Thank You Mr. Lynch

My first year out of high school I left Seattle to attend college halfway across the country in Northfield, Minnesota. It was a beautiful place: The Autumn leaves – a fireworks show; the town – a Midwest jewel; the campus (otherwise know as “The Hill,”) – immaculate.

And something about it freaked me out. Standing on top of the campus hill – overlooking the flat farmland that stretched on forever – I was struck with a creeping sense of reverse vertigo. So much flat – so much sky. No mountains or mist or fog or colossal moss-laden old growth trees to insulate against the void. Standing there as the first wind-chilled kiss of winter grazed my cheek, I realized: I missed Washington. I missed home.

Fortunately, that Fall, David Lynch’s Twin Peaks was in full swing on network television and for an hour each week, I could return home by tuning in. The first reverberating chord of Angelo Badalamenti’s opening music started it. The subsequent images sealed the deal: A thrush in an evergreen tree; sawmills; Mt. Si looming in the mist; snowflakes drifting into the thunder of Snoqualmie Falls; the rain soaked, murky, coffee-colored river. Ahh… Washington… Home.

Motion pictures are powerful. They bring us to an immediate emotional place that in our everyday lives may take years or a lifetime to fully understand or express. Mr. Lynch’s show brought me to the starting point of an emotional understanding of my own. I’m not representing here that I fully understand all his work – (or any of it necessarily) – but man – the man can make a mood – and that’s powerful in and of itself. And the mood he made for me in that Twin Peaks opener was made in Washington. Any setting, mood or palette in a filmmaker’s imagination can be found inside this state: The soft rolling hills of the Palouse draped in a sunrise; the craggy spires of the North Cascades in crimson alpenglow; the metropolitan steel, smart neighborhood feel and impossibly gauzy light of Seattle.
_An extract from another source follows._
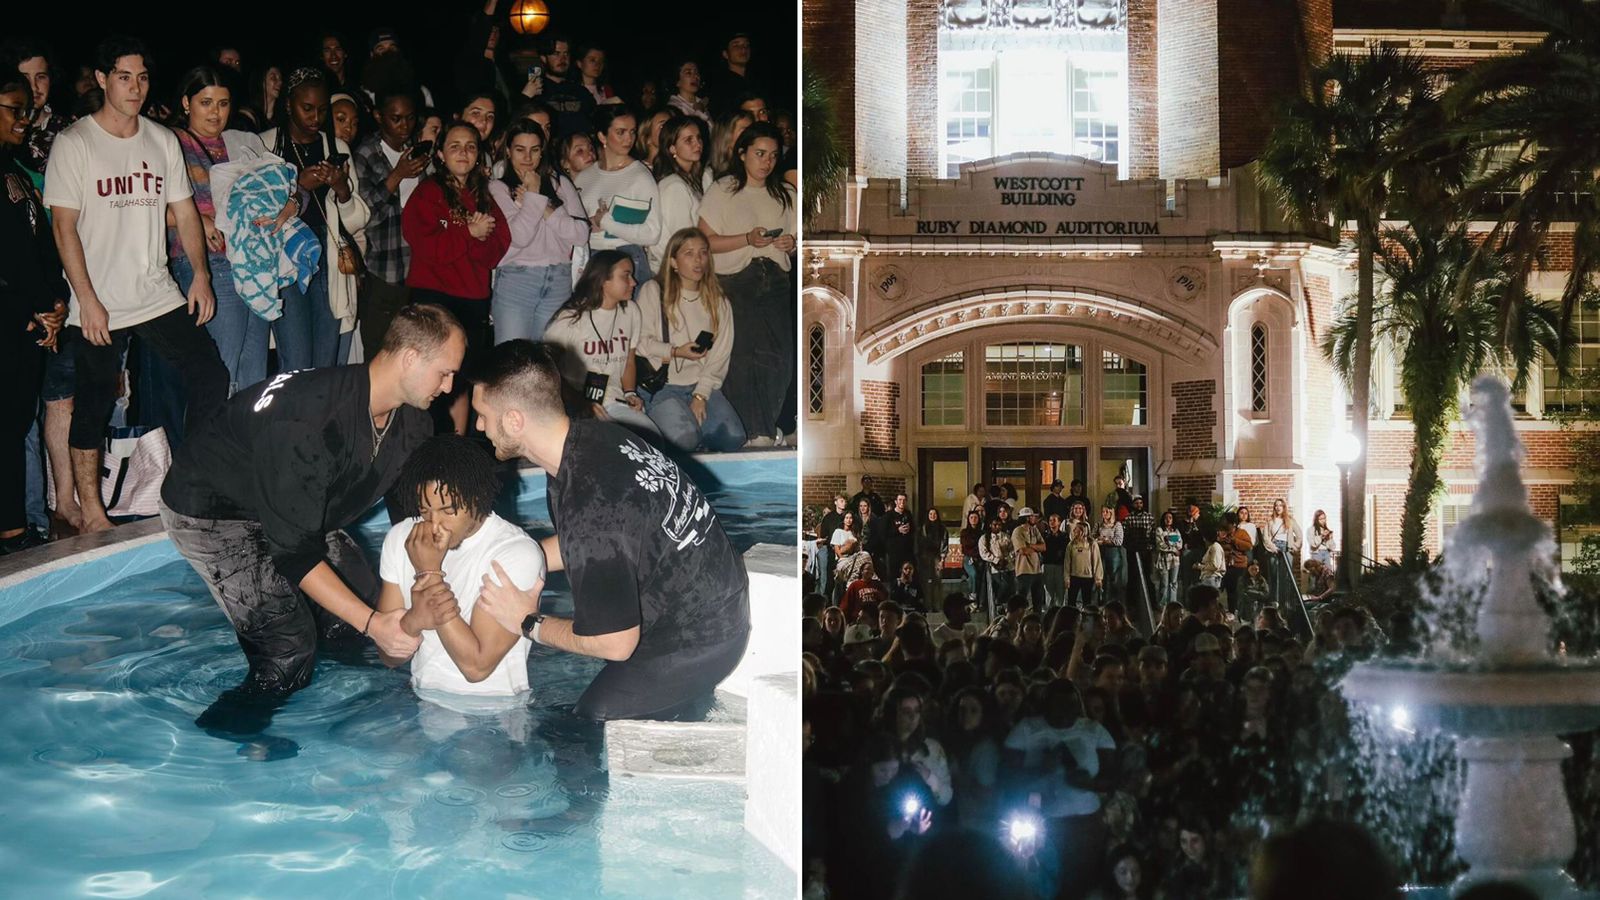 “Avivamento”: Centenas de alunos aceitam Jesus e são batizados em universidade nos EUA

That’s where I live now. Back home in Seattle, where I work as a writer and director. Today, it’s raining outside. Not the soft, misty rain we see for much of the winter – but a real, hard, clean rain. The wind is moving the dark Evergreens slowly in a January dance. The light is platinum in the west. My old black and white dog sleeps under the golden lamplight by this writing desk. On top of the desk sits a script I’ve worked on for some time. Inside the script are rivers full of salmon – and mist in the mountains and colossal moss-draped trees draped in gauzy light.

A mood is a powerful thing. Thank you Mr. Lynch.